Not that this would be easily mistaken for anything Muppety. This is a rough, dark, macabre retelling, set in 1843, which like Peaky Blinders is shot in a kind of perpetual chiaroscuro. Characters peer out of the gloom to say gruff things to each other, heels clunking on wooden floorboards. It is made by FX, “in association with” the BBC, and there’s an American sheen to it. As the first episode opens, a crow flies from a tombstone in a snowy graveyard, with a wind howling between the stones. It’s nice to see corvids still getting work now that Game of Thrones has finished, but it must be a buyer’s market. A young man pisses on a tombstone. Whose tombstone is he pissing on? Jacob Marley, that’s who.
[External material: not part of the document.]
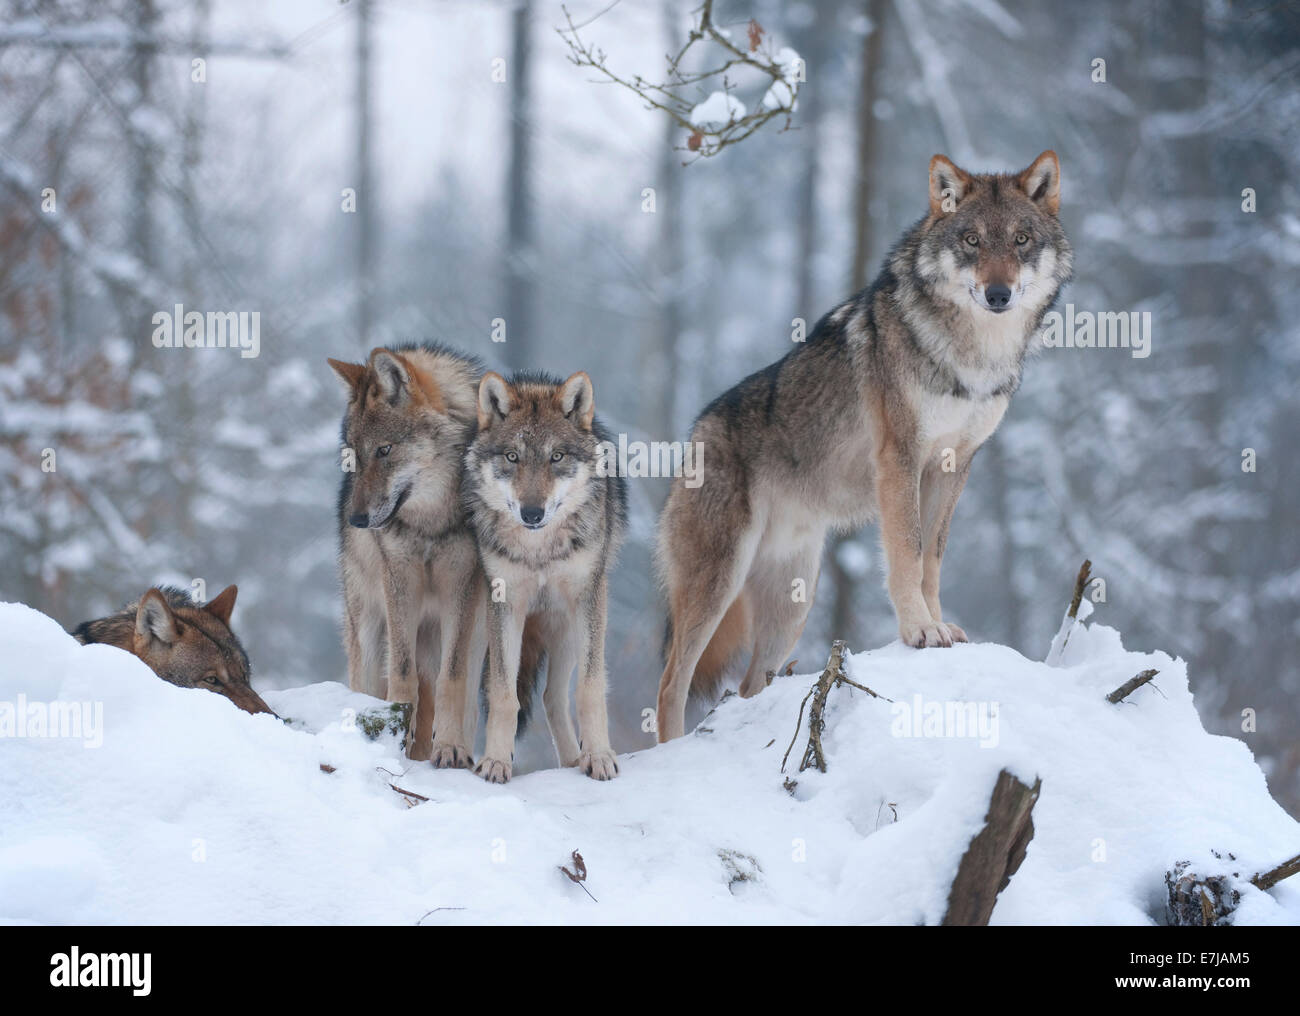 Graue Wölfe (Canis Lupus), zwei Jugendliche und ein erwachsenes Tier, stehend im Schnee, Gefangenschaft, Bayern, Deutschland Stockfoto

Sonorous bass rumbles in the background.
The characters are all more or less miserable, but the cast look like they’re having a good time.
Andy Serkis is the Ghost of Christmas Past, a turn seemingly inspired by the Emperor in Star Wars and vaguely Irish. Stephen Graham is wide-eyed Marley, clanking in his chains while he comes to terms with the supernatural events engulfing him. Best of all is Guy Pearce as Scrooge. Pearce plays him like a kind of Victorian Joker, voice scraping in his throat while he delivers monologues about the state of the world. Joe Alwyn’s Bob Cratchit is a sardonic clerk, sassing his tyrannical boss as he does his bidding.
The script is enjoyably mannered, with bursts of ostentatiously modern dialogue and swearing. Via flashback, we learn how Scrooge got to be this way, as the old plot starts to turn. Suffice to say we can understand why he is a bit cranky. “What’s tomorrow?” he asks on Christmas Eve, before going on a kind of pub-bore rant about whether Jesus Christ was actually born in December.
It ought to be too hammy to hang together, and it would probably have worked as a one-off film rather than the full three-hour mini-series, but I found myself watching, mainly due to the central performances.
There are slim pickings from the BBC’s festive schedule this year, which, between the Gavin & Stacey reunion and the Mrs Brown’s Boys special, looks more like reheated leftovers than Christmas feast. The other big festive drama is Dracula. The choices are clear: gloomy Victoriana or flimsy Noughties comedy. Unlike Scrooge, viewers have been left with mainly bad choices to make, so we should grab what we can.